The parameters T0, T1, T2, T3, and T4 need to be known at both the base station and the UE. To a large extent, they depend on the base station transmission parameters and UE reception parameters (e.g., number of antennas). Consequently, they should be link-specific. There are several ways to obtain those parameters: (1) by RRC signaling that the base station sends to the UE (dedicated or common RRC signaling); (2) based on the UE features (capabilities); (3) based on hard coded values specified in the standards specification; or (4) based on the measurement used for determining the aggregation level, which could be any indicator linked to radio conditions such as RSRP, RSRQ, RSSI, SNR, SINR, etc.

FIG. 5 shows a flowchart illustrating an example process 500 of monitoring PDCCH search space based on estimated SINR. In some cases, the process 500 may be implemented by a UE of a wireless communication system (e.g., UE 120 of system 100). In some cases, the process 500 may be implemented by any suitable devices.

At step 502, a UE (e.g., UE 120) estimates the SINR and determines a first target AL based on the estimated SINR. In some cases, the UE can store a look-up table (e.g., Table 1) that indicates a correspondence between multiple SINR ranges and multiple target aggregation levels. In one example, the look-up table may indicate that higher ALs may be first targeted by the UE for lower SINRs. The UE may determine the first target AL based on the estimated SINR and the look-up table.

After determining the first target AL, the UE determines a first PDCCH candidate to search for the DCI (step 504).
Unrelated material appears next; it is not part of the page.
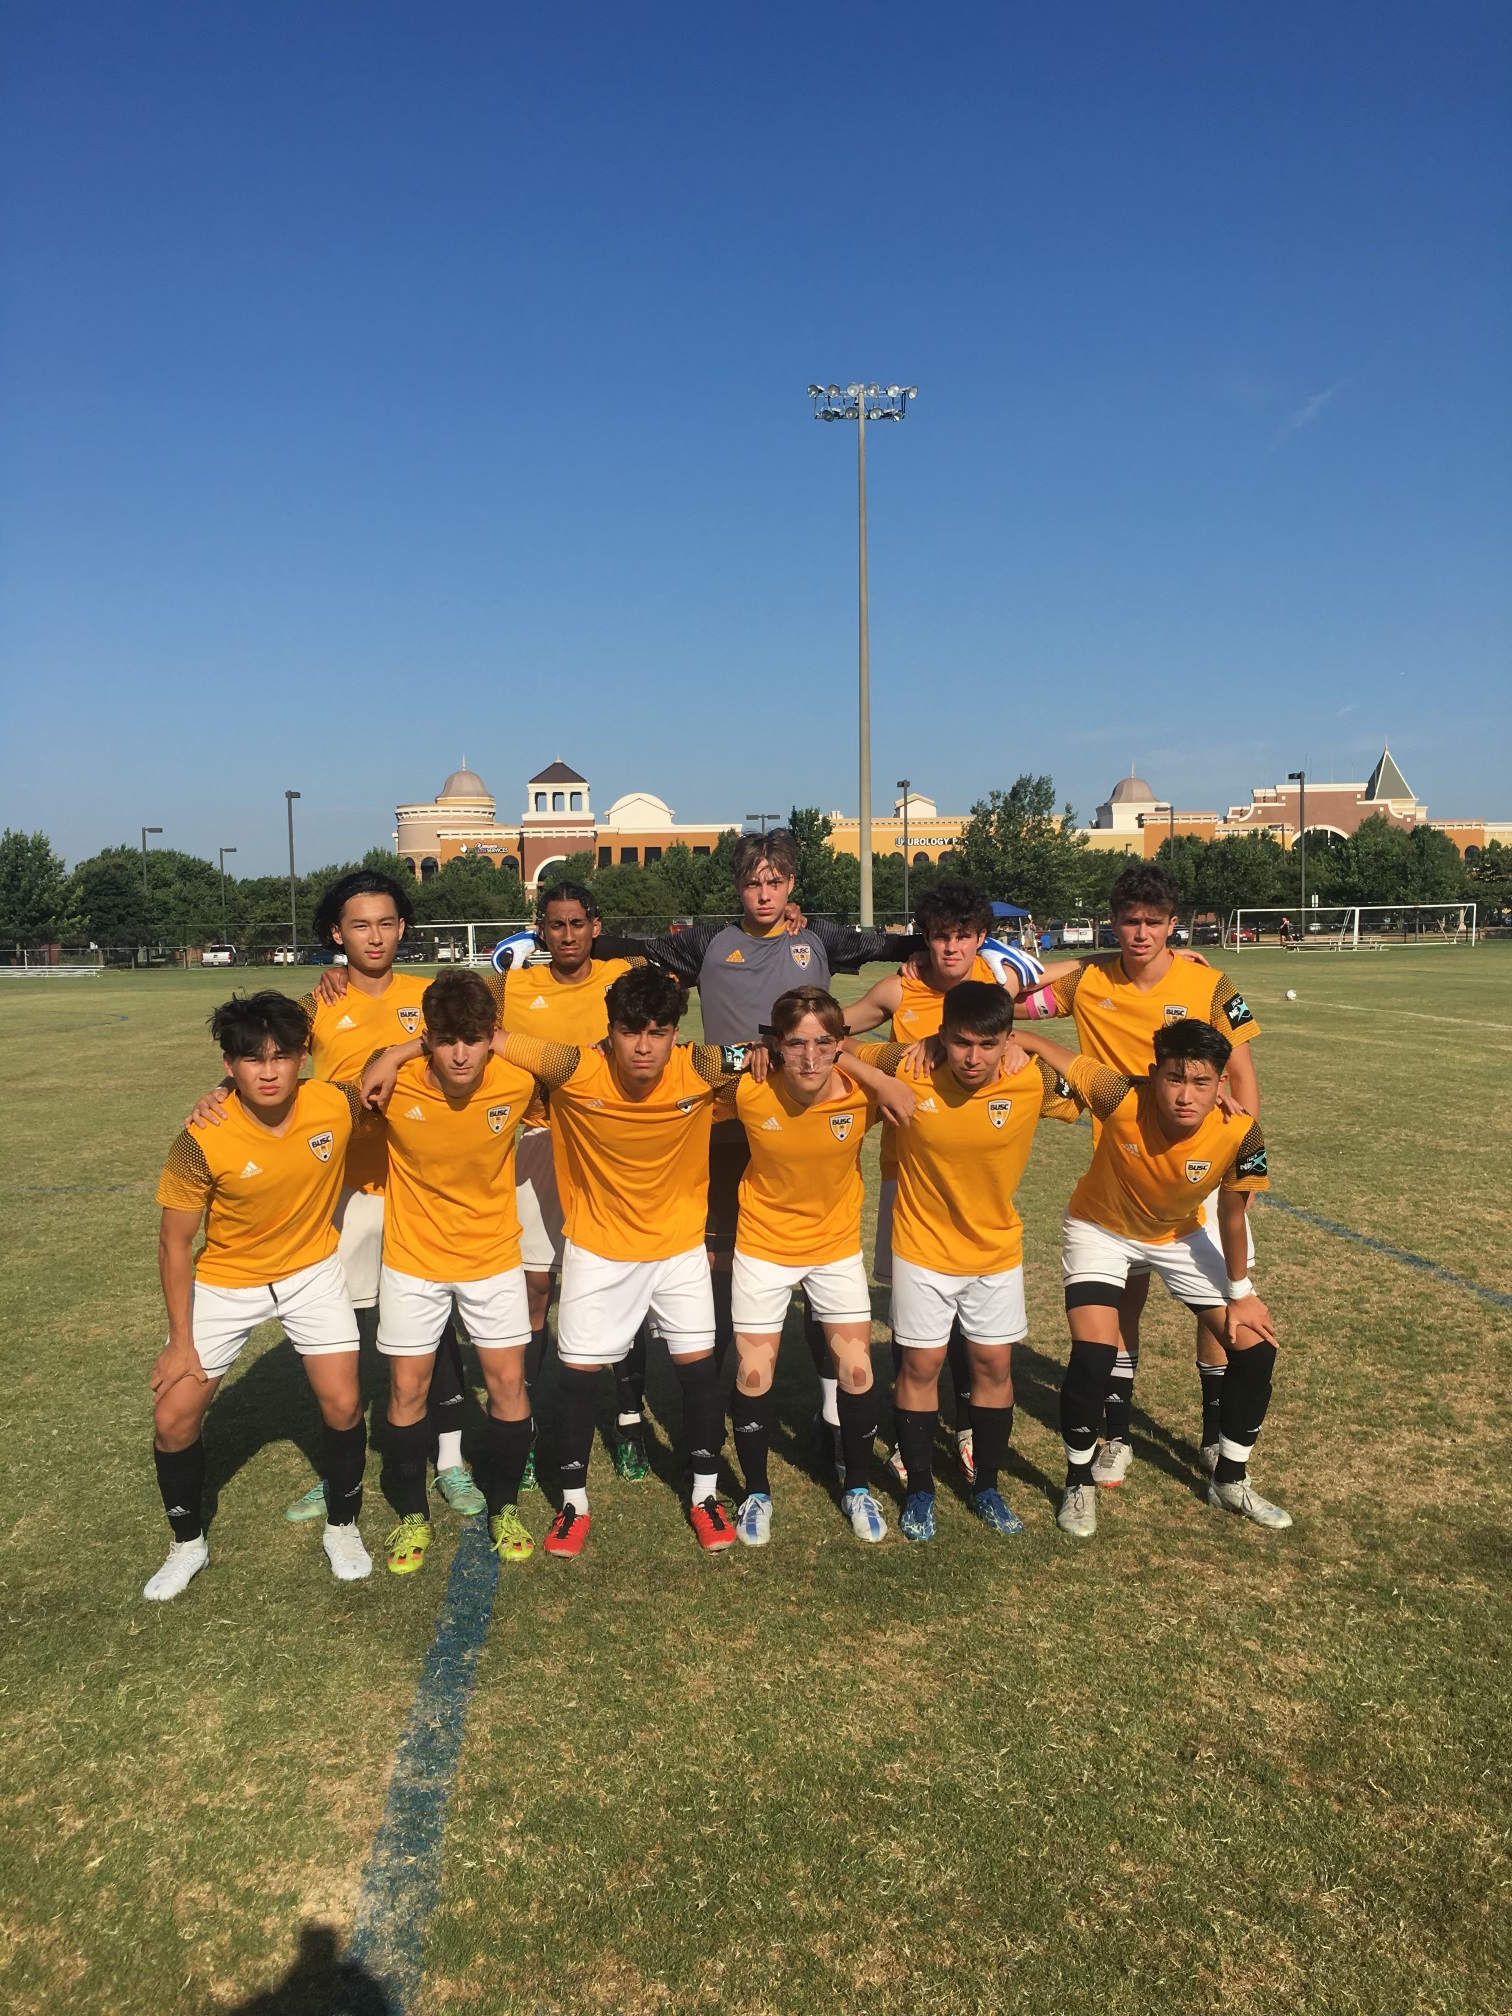 U-17 MLS NEXT team ends Cup with 3-3 tie with NYSC!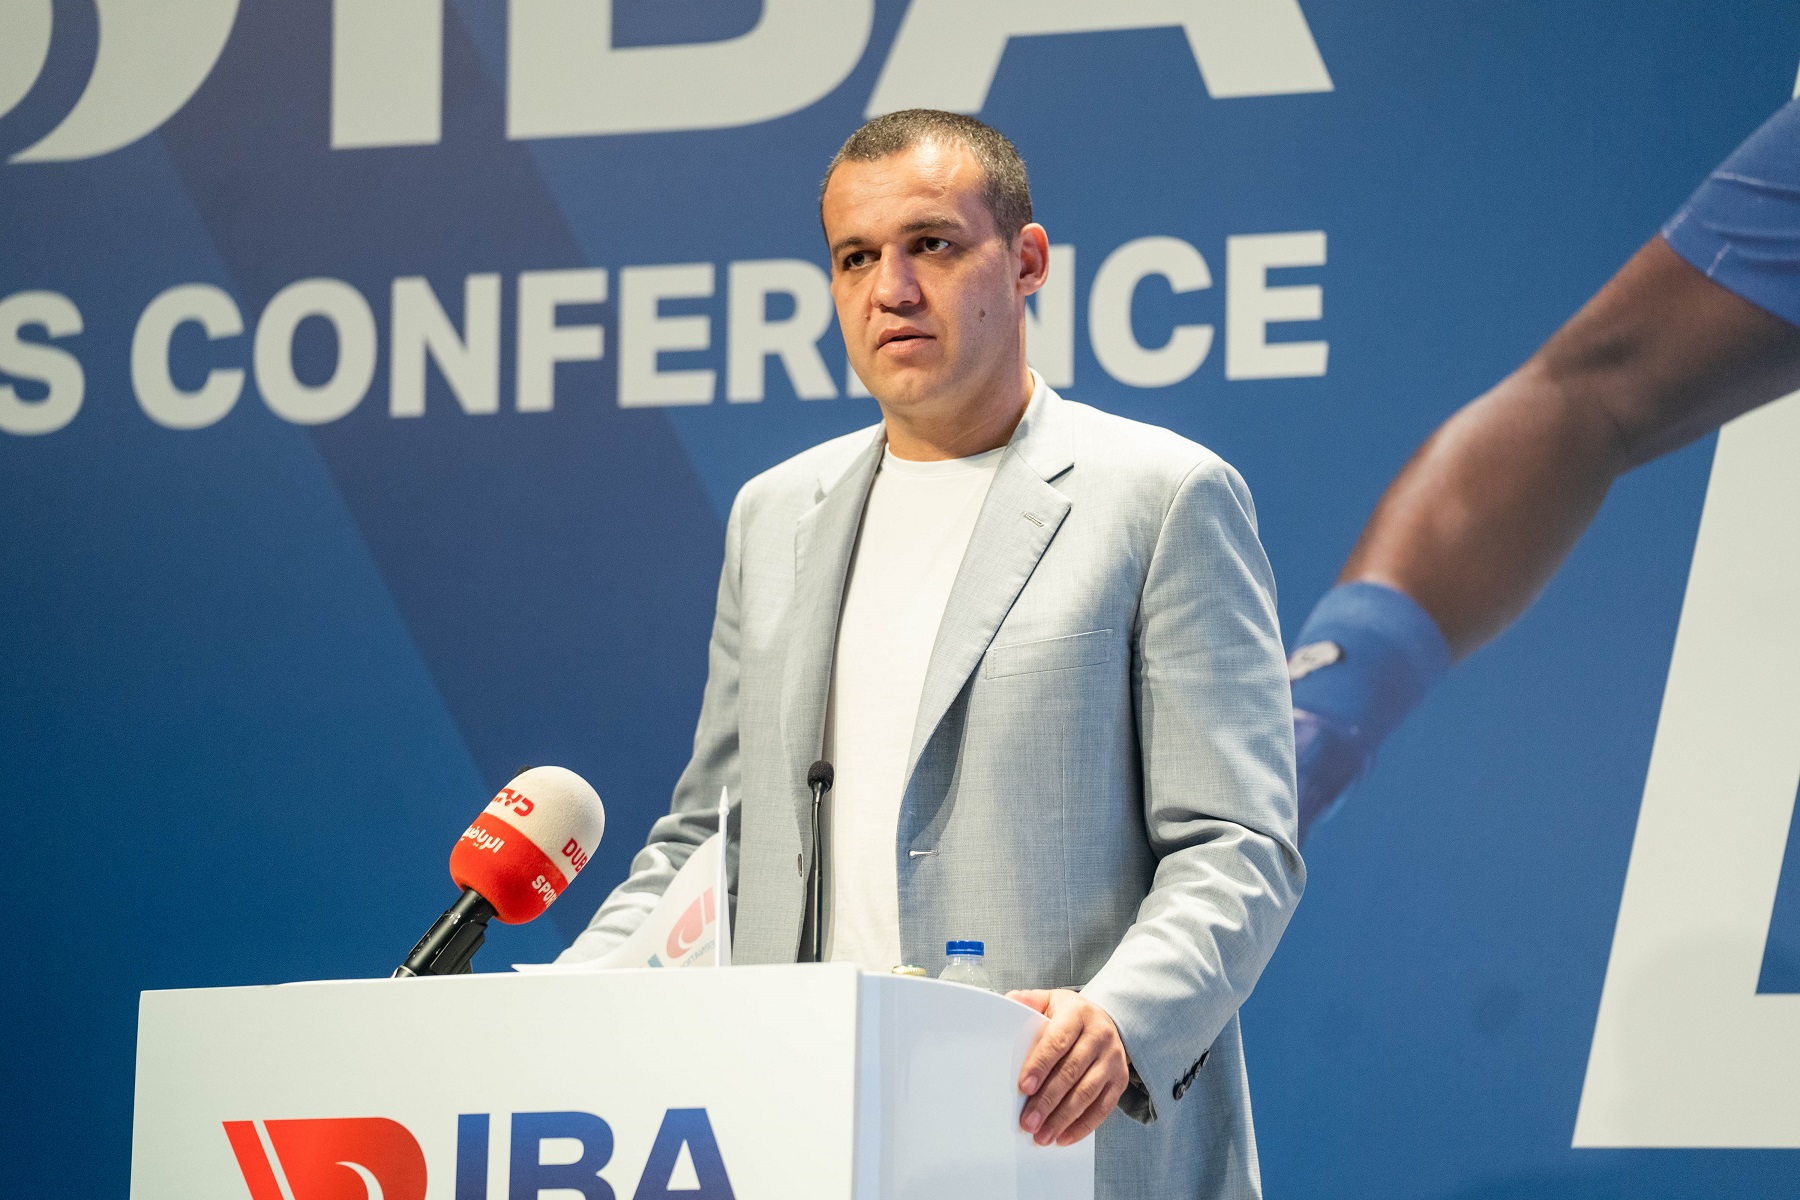 IBA to focus on "Pro-Style" boxing following IOC expulsion

In some examples, the UE may determine the first PDCCH candidate based on index number of the PDCCH candidates for the first target AL. The UE may determine the first PDCCH candidate as a PDCCH candidate with the lowest index number (e.g., index number i=0). In some cases, the UE may set a candidate counter to indicate the number of the PDCCH candidates that have been examined.

The UE decodes the first PDCCH candidate (step 506) and determines whether the first PDCCH candidate includes the DCI for the UE (step 508). If the DCI is found in the first PDCCH candidate, the UE proceeds to process the DCI (step 510).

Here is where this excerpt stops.